● Collected data:
-- Opening Marker --
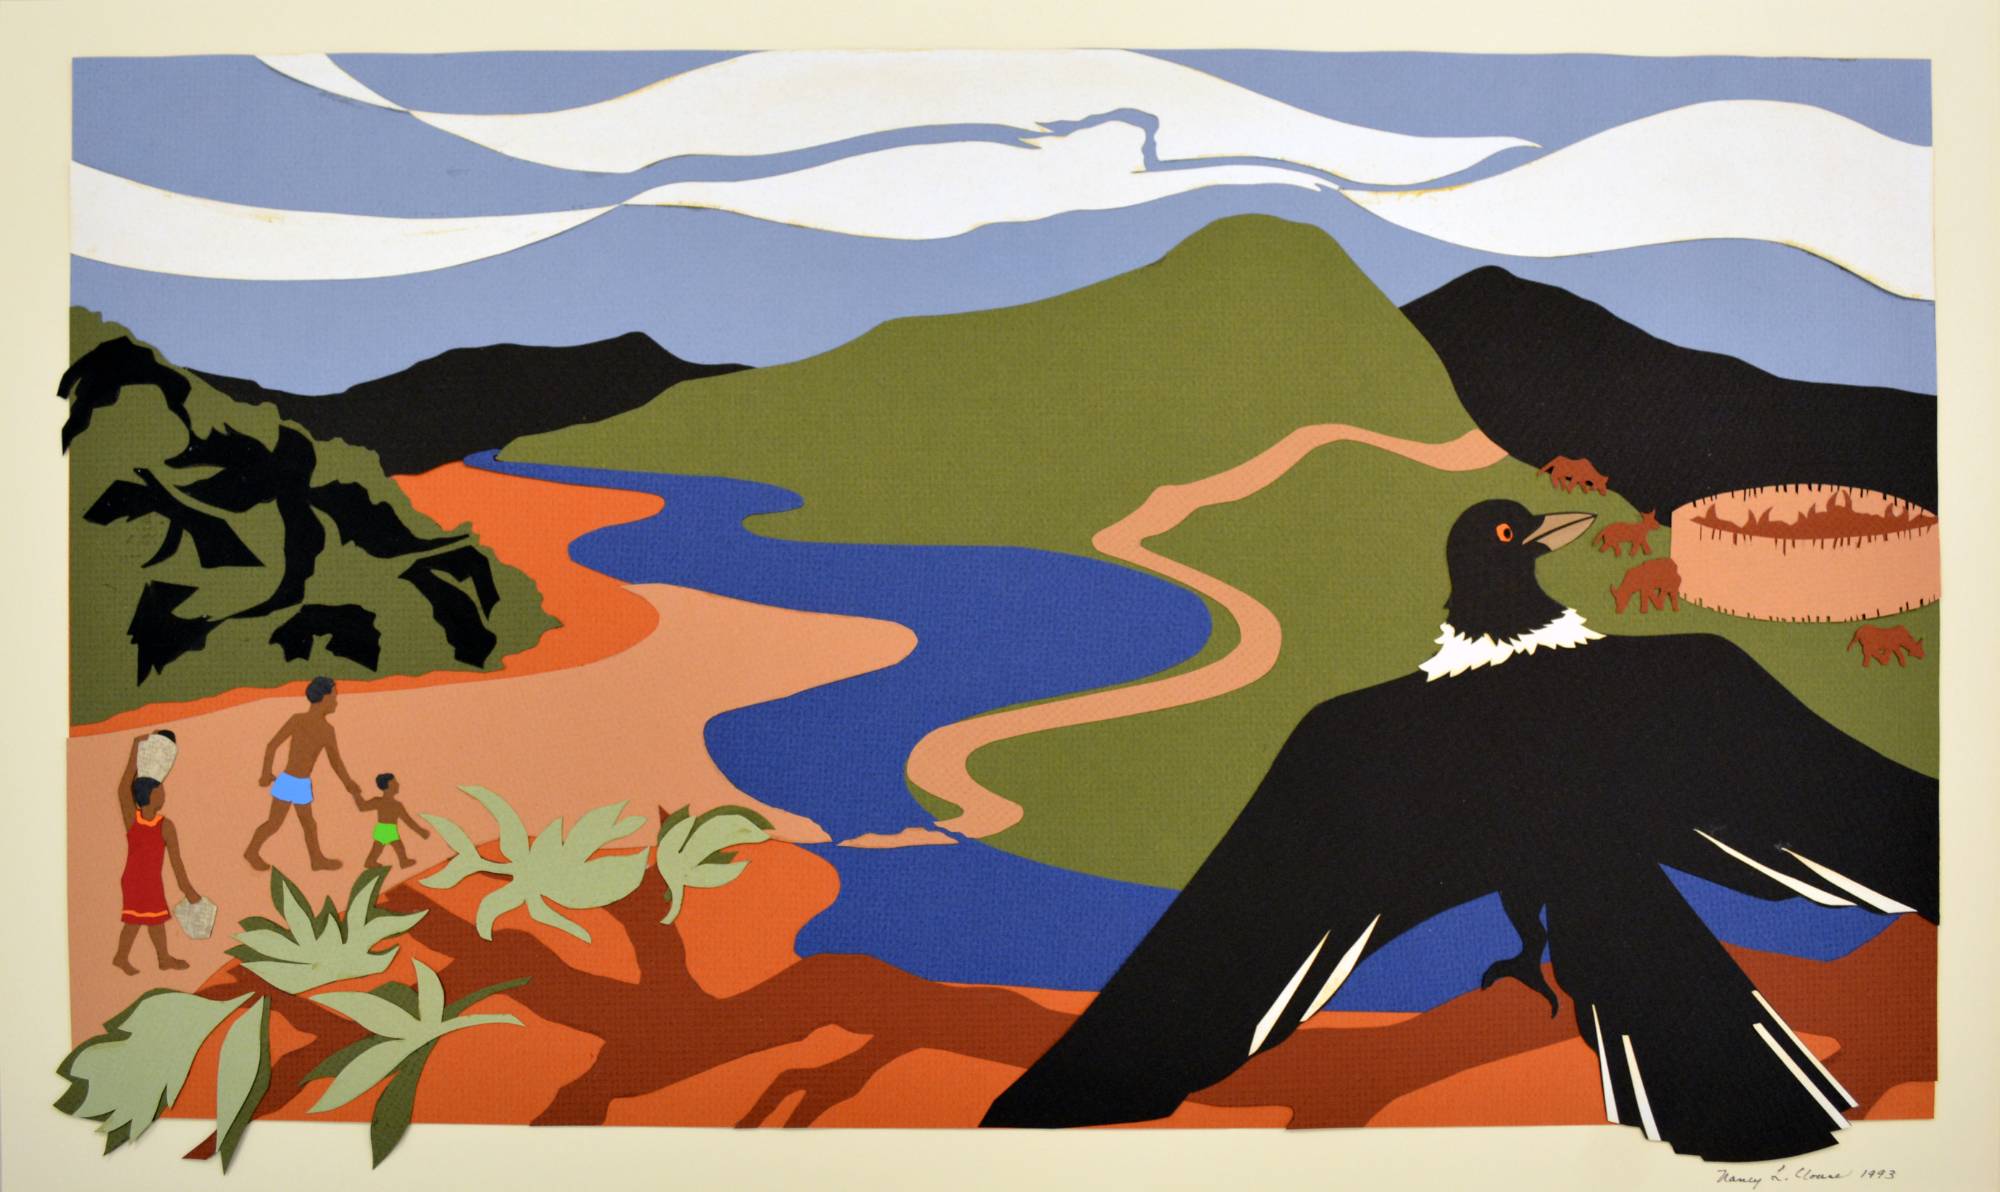 abstract collaged landscape with indigenous people in background and black bird in foreground
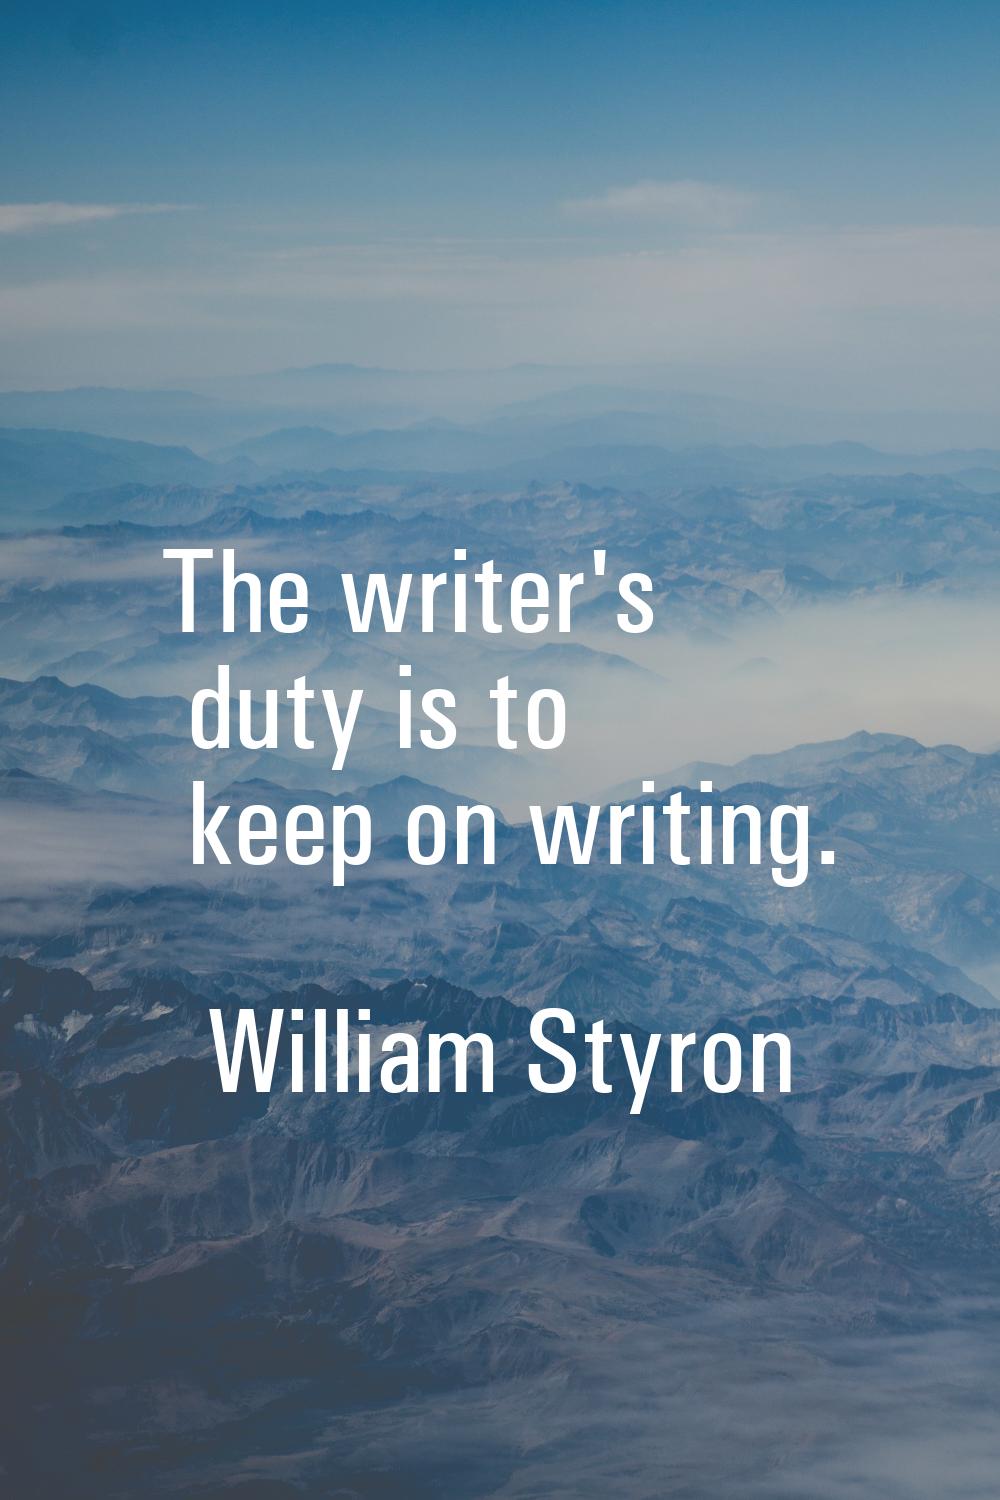 The writer's duty is to keep on writing.
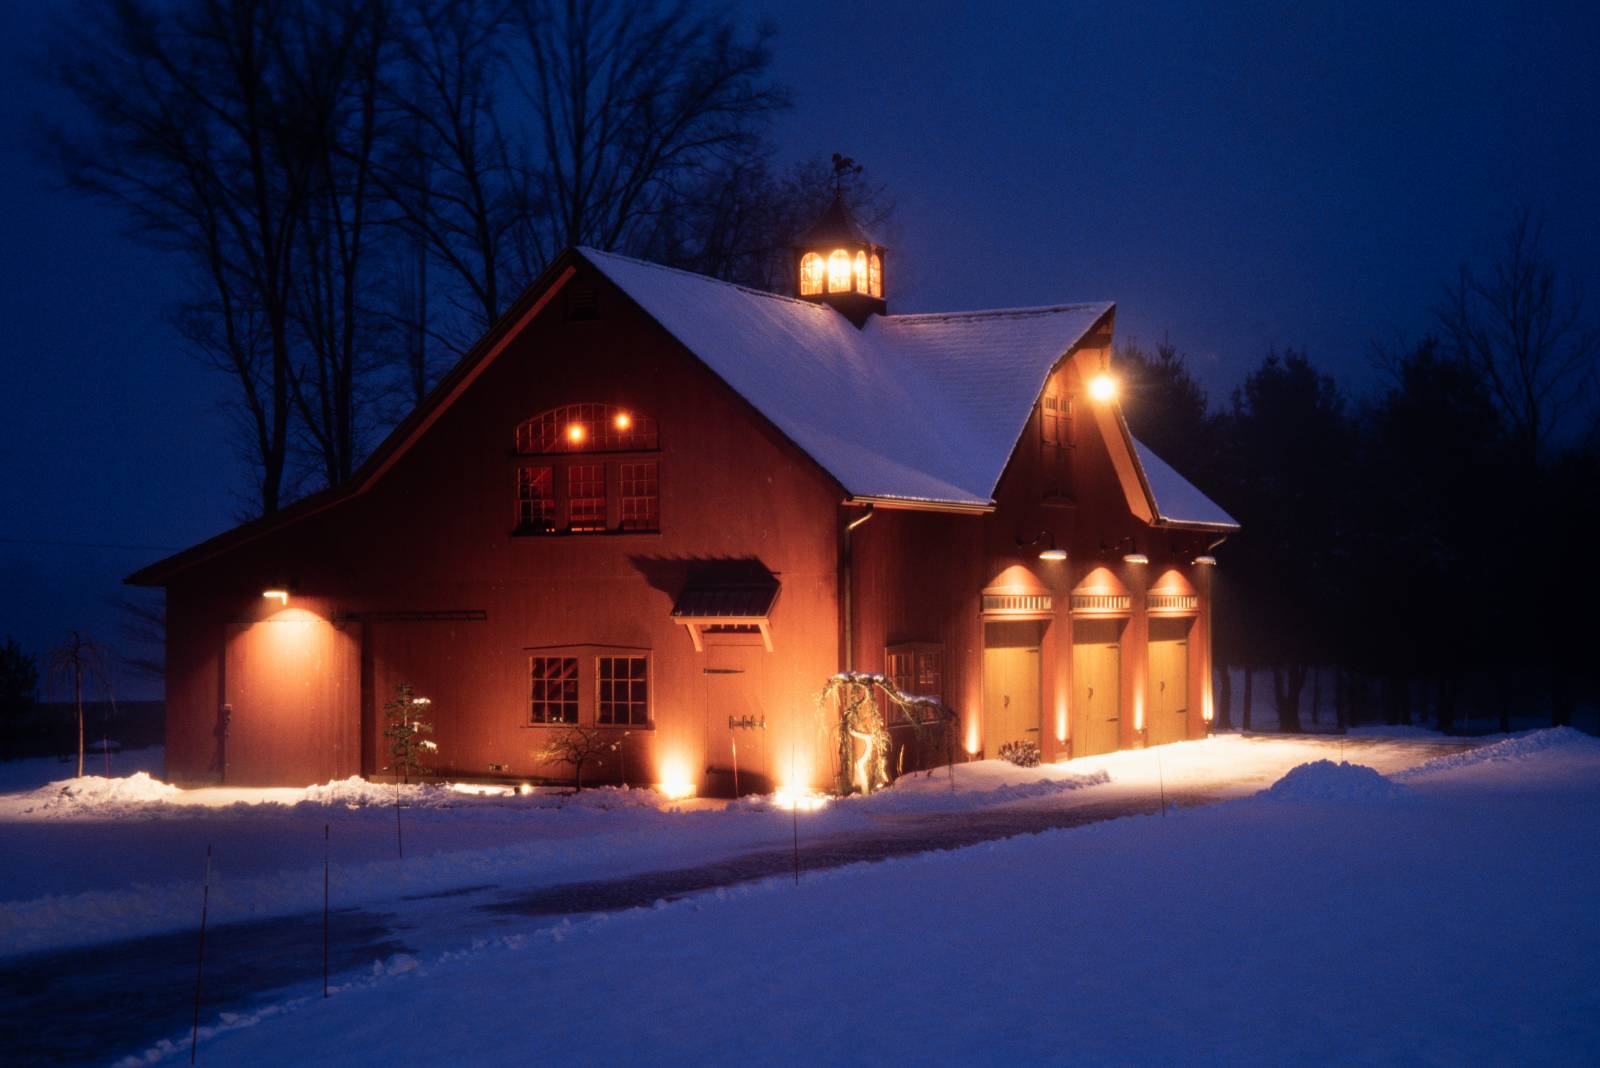 The Carriage Barn is a shining beacon of light during the snow squall as dusk turns to night
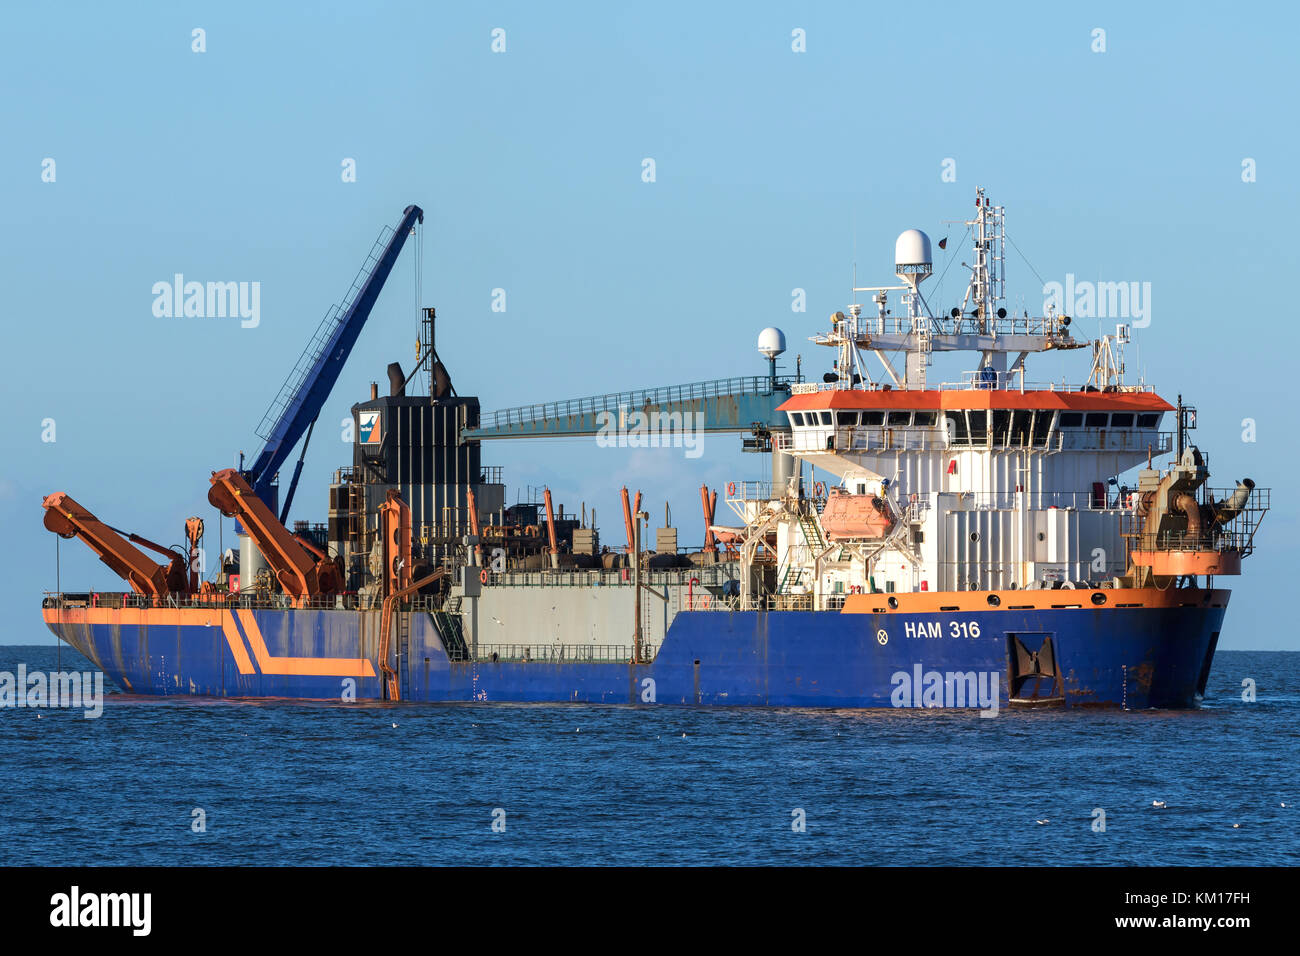 trailing suction hopper dredger HAM 316 operated by Van Oord, a Dutch contracting company with one of the world's largest dredging fleets. Stock Photo
-- Closing Marker --
● Work required:
Return the full listing above exactly as written, and omit the pictures.

● Exercise answer:
 abstract collaged landscape with indigenous people in background and black bird in foreground
 The writer's duty is to keep on writing.
 The Carriage Barn is a shining beacon of light during the snow squall as dusk turns to night
 trailing suction hopper dredger HAM 316 operated by Van Oord, a Dutch contracting company with one of the world's largest dredging fleets. Stock Photo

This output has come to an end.